Fluctuations When Driving Between Nonequilibrium Steady States

TL;DR

This paper extends fluctuation theorems to transitions between nonequilibrium steady states in biological systems, revealing universal thermodynamic constraints and implications for energy expenditure and control in far-from-equilibrium processes.

Contribution

It generalizes the Crooks fluctuation theorem to NESS transitions without dual dynamics, providing new insights into thermodynamic constraints and control in biological systems.

Findings

Derived constraints on excess thermodynamic quantities in NESS transitions

Extended fluctuation theorems to systems driven far from equilibrium

Applied theory to analyze ion channel conformational dynamics

Abstract

Maintained by environmental fluxes, biological systems are thermodynamic processes that operate far from equilibrium without detailed-balance dynamics.
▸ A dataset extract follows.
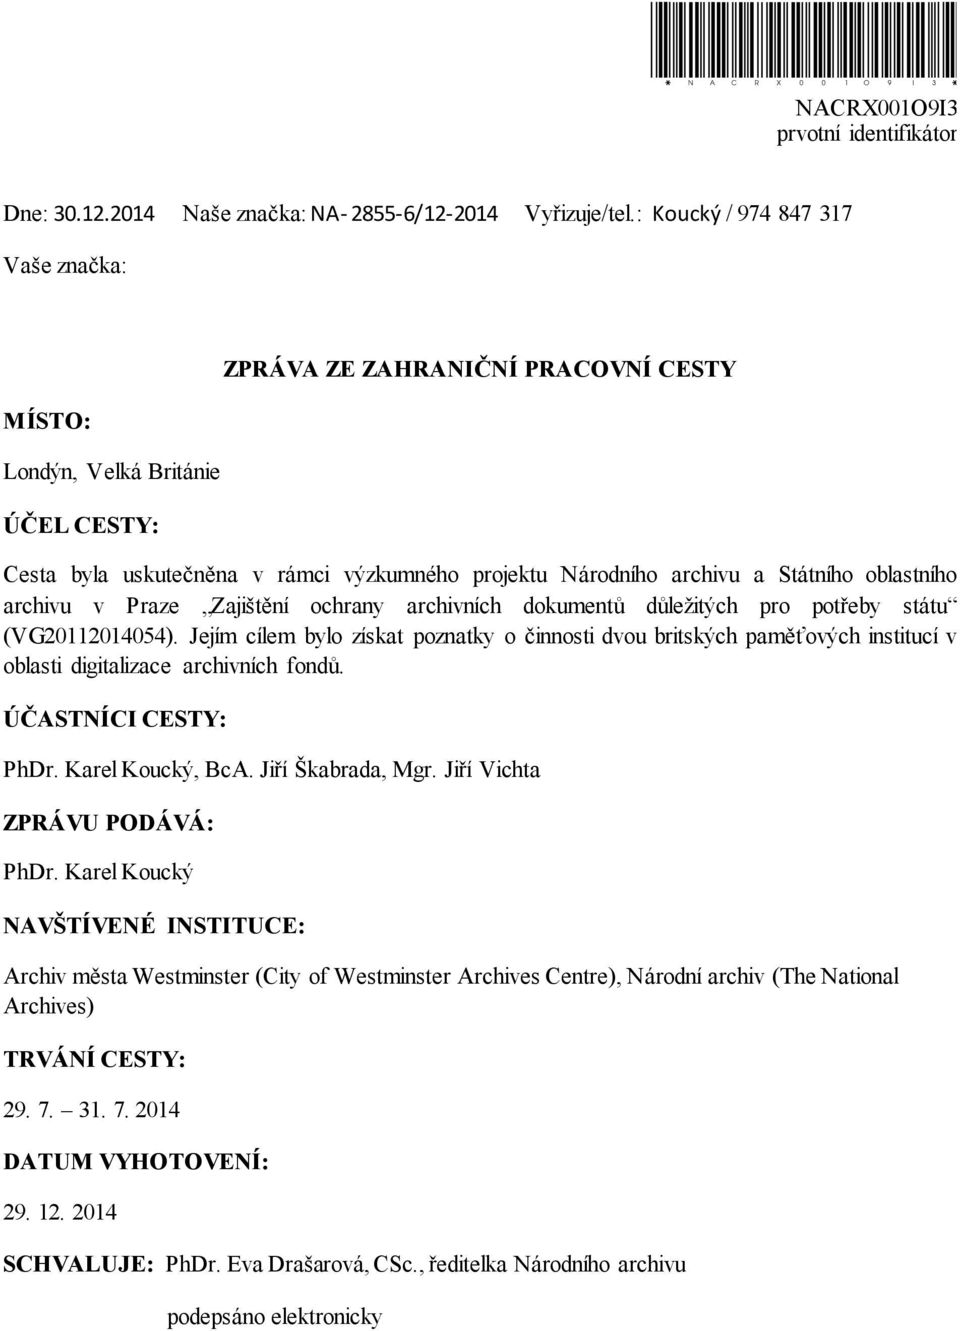 oblastního archivu v Praze Zajištění ochrany archivních dokumentů důležitých pro potřeby státu (VG20112014054).

Yet, they often exhibit well defined nonequilibrium steady states (NESSs). More importantly, critical thermodynamic functionality arises directly from transitions among their NESSs, driven by environmental switching. Here, we identify constraints on excess thermodynamic quantities that ride above the NESS housekeeping background. We do this by extending the Crooks fluctuation theorem to transitions among NESSs, without invoking an unphysical dual dynamics. This and corresponding integral fluctuation theorems determine how much work must be expended when controlling systems maintained far from equilibrium. This generalizes feedback control theory, showing that Maxwellian Demons can leverage mesoscopic-state information to take advantage of the excess energetics in NESS transitions. Altogether, these point to universal thermodynamic laws that are immediately applicable to the accessible degrees of freedom within the effective dynamic at any emergent level of hierarchical organization. By way of illustration, this readily allows analyzing a voltage-gated sodium ion channel whose molecular conformational dynamics play a critical functional role in propagating action potentials in mammalian neuronal membranes.